BEGIN DATASET CONTENT
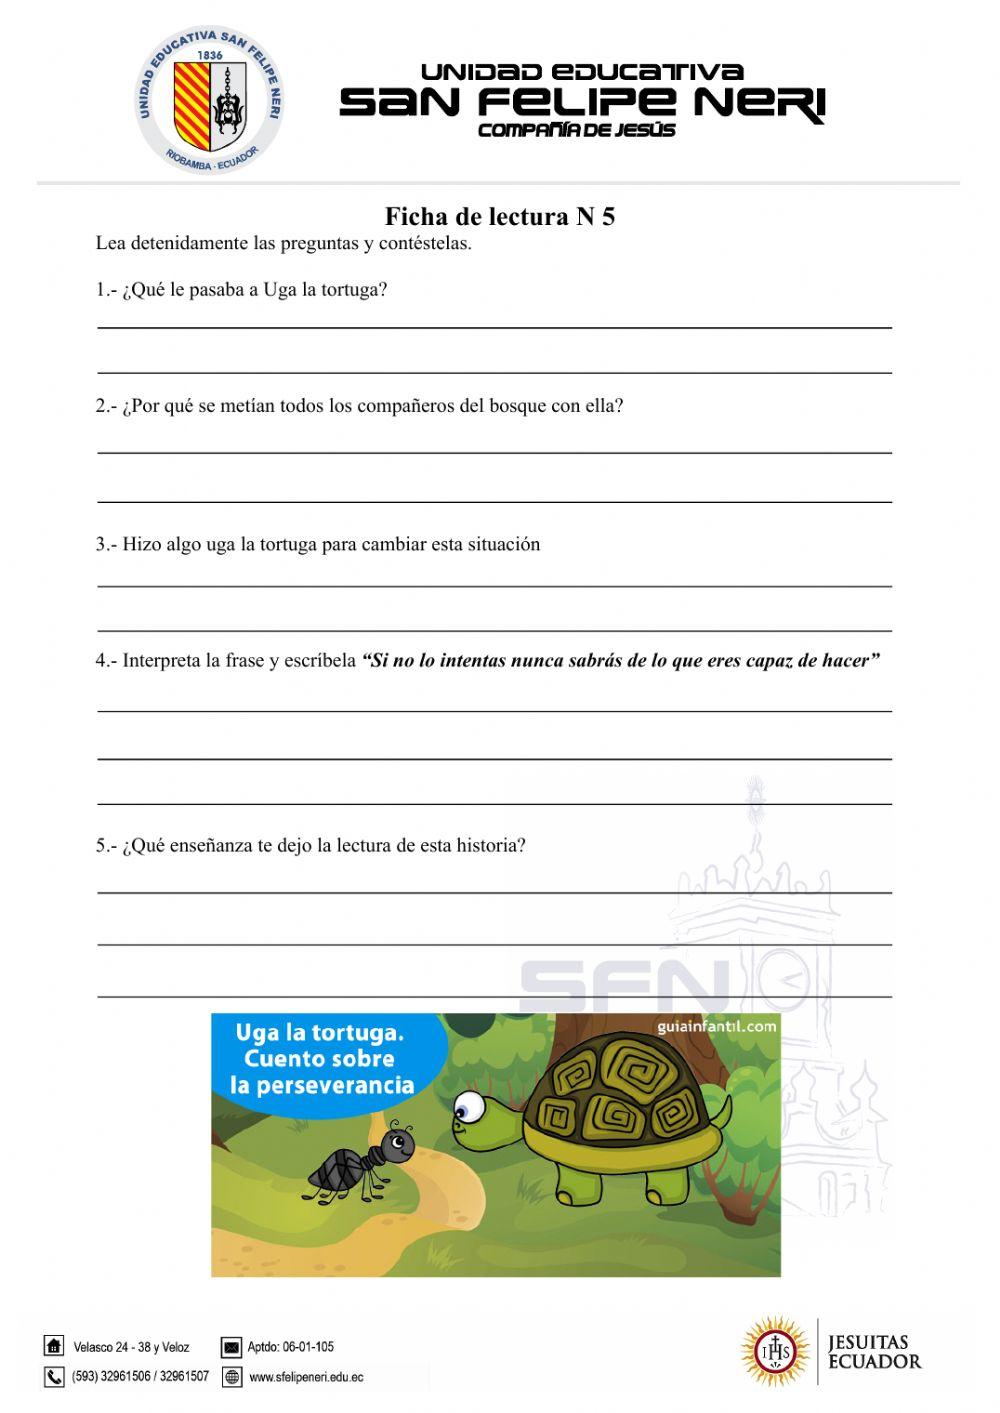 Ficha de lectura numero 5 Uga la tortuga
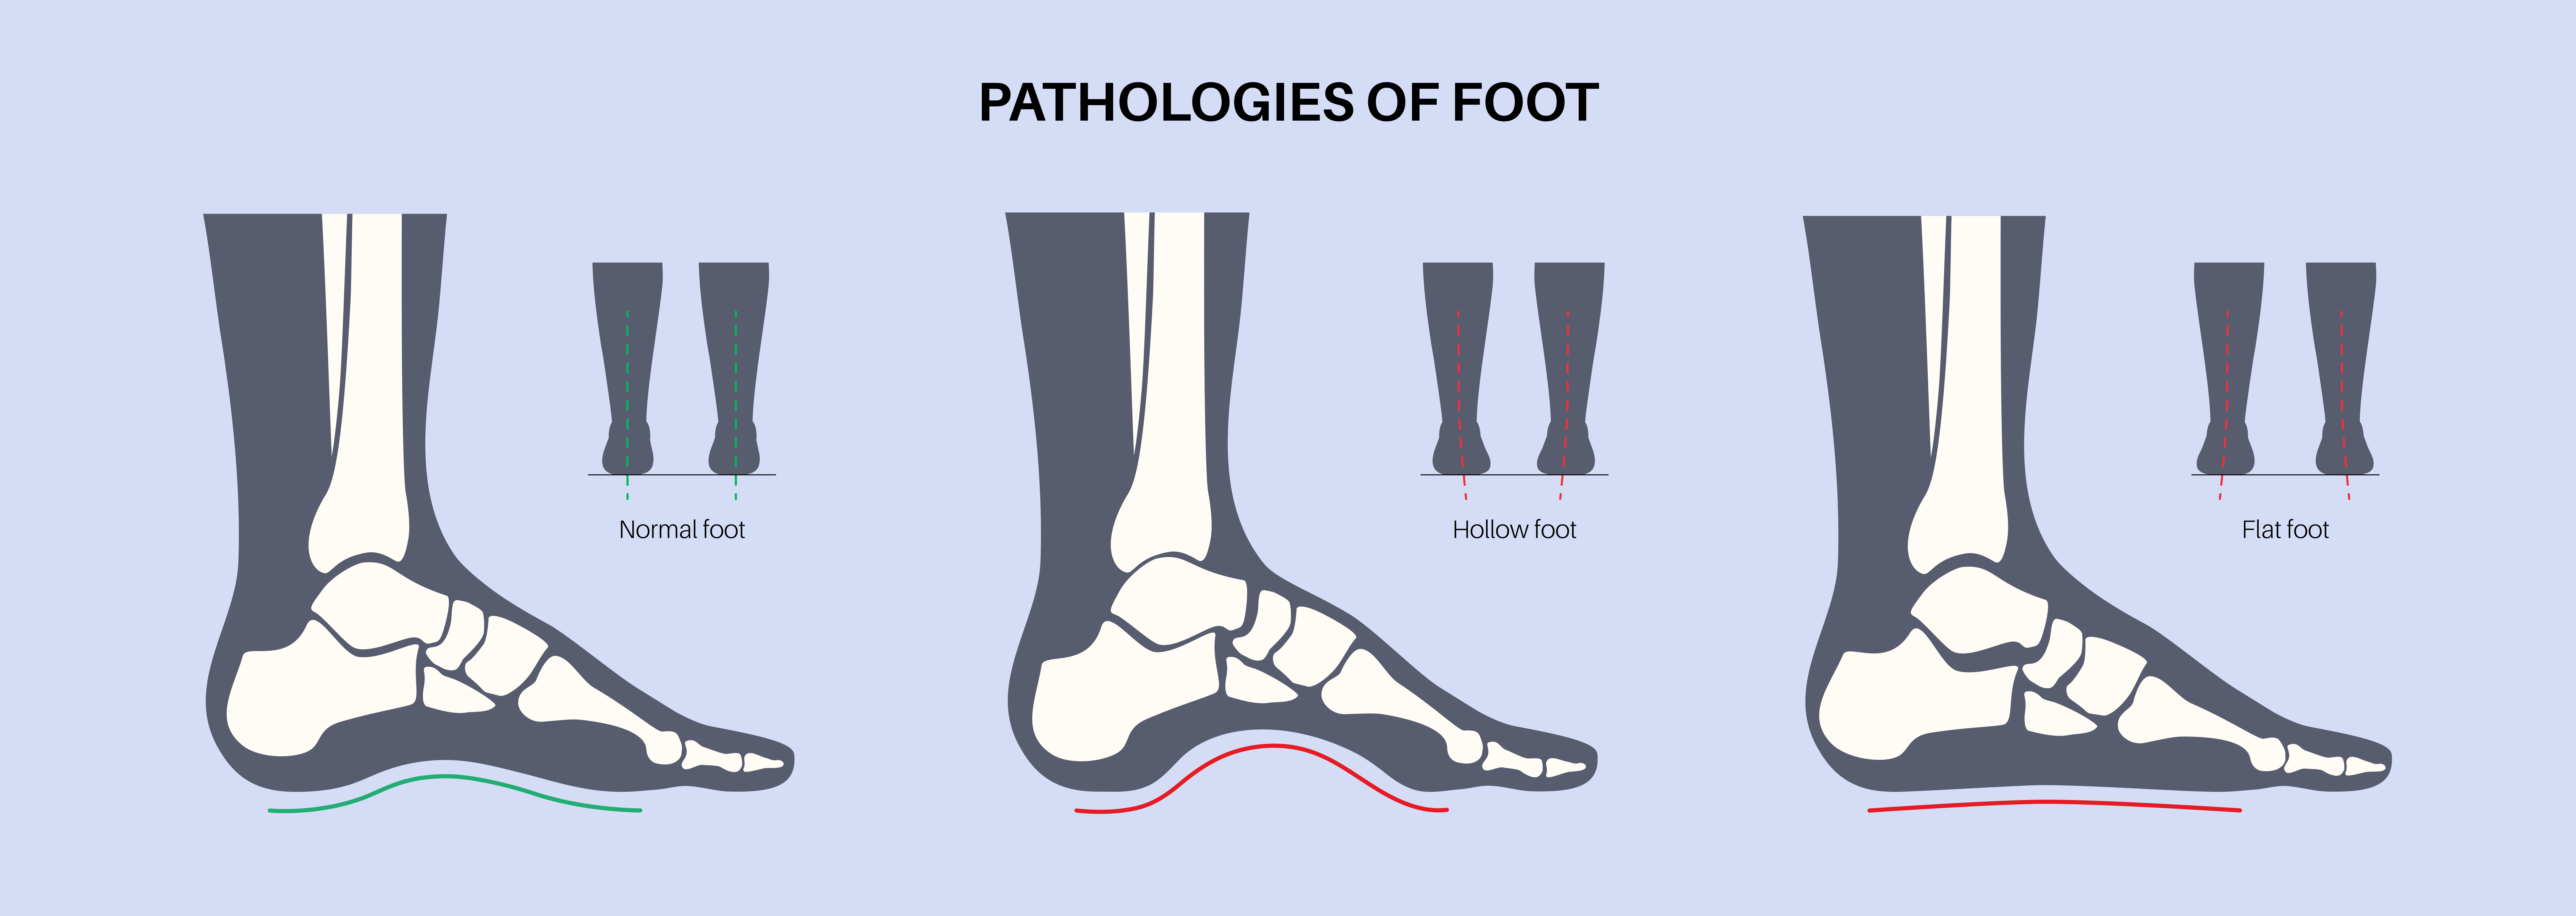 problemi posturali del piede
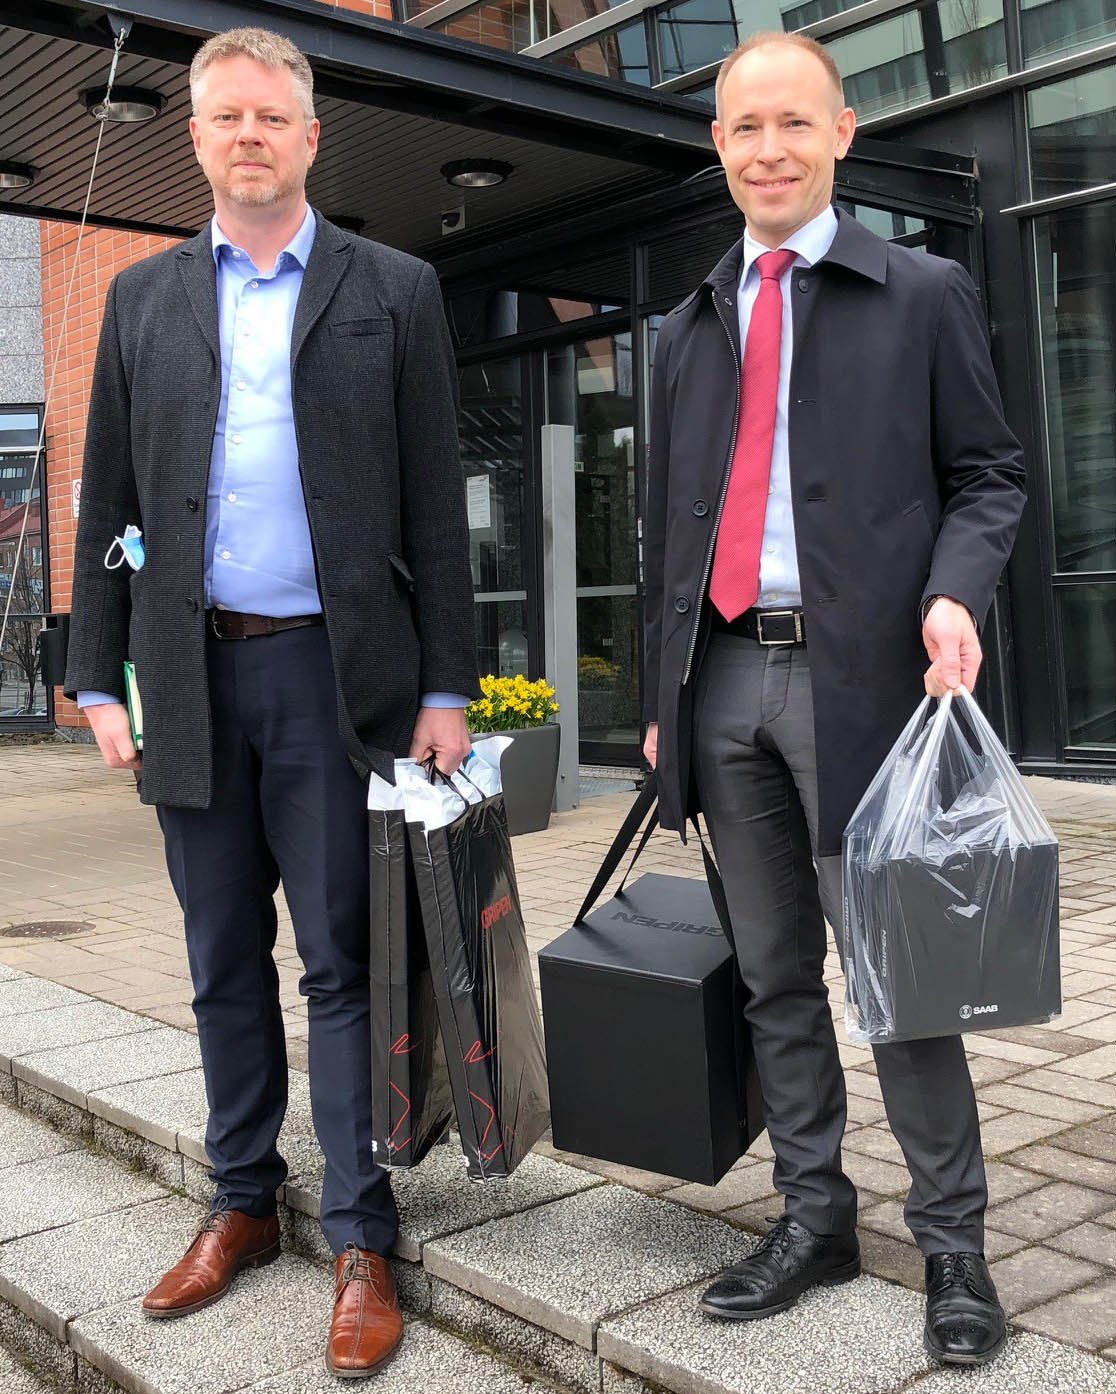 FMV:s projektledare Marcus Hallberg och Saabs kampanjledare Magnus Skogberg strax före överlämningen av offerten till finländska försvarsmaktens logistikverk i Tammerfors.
END DATASET CONTENT
TASK ITEM: Copy the data above line for line, skipping every picture.

RESULT BELOW:
 Ficha de lectura numero 5 Uga la tortuga
 problemi posturali del piede
 FMV:s projektledare Marcus Hallberg och Saabs kampanjledare Magnus Skogberg strax före överlämningen av offerten till finländska försvarsmaktens logistikverk i Tammerfors.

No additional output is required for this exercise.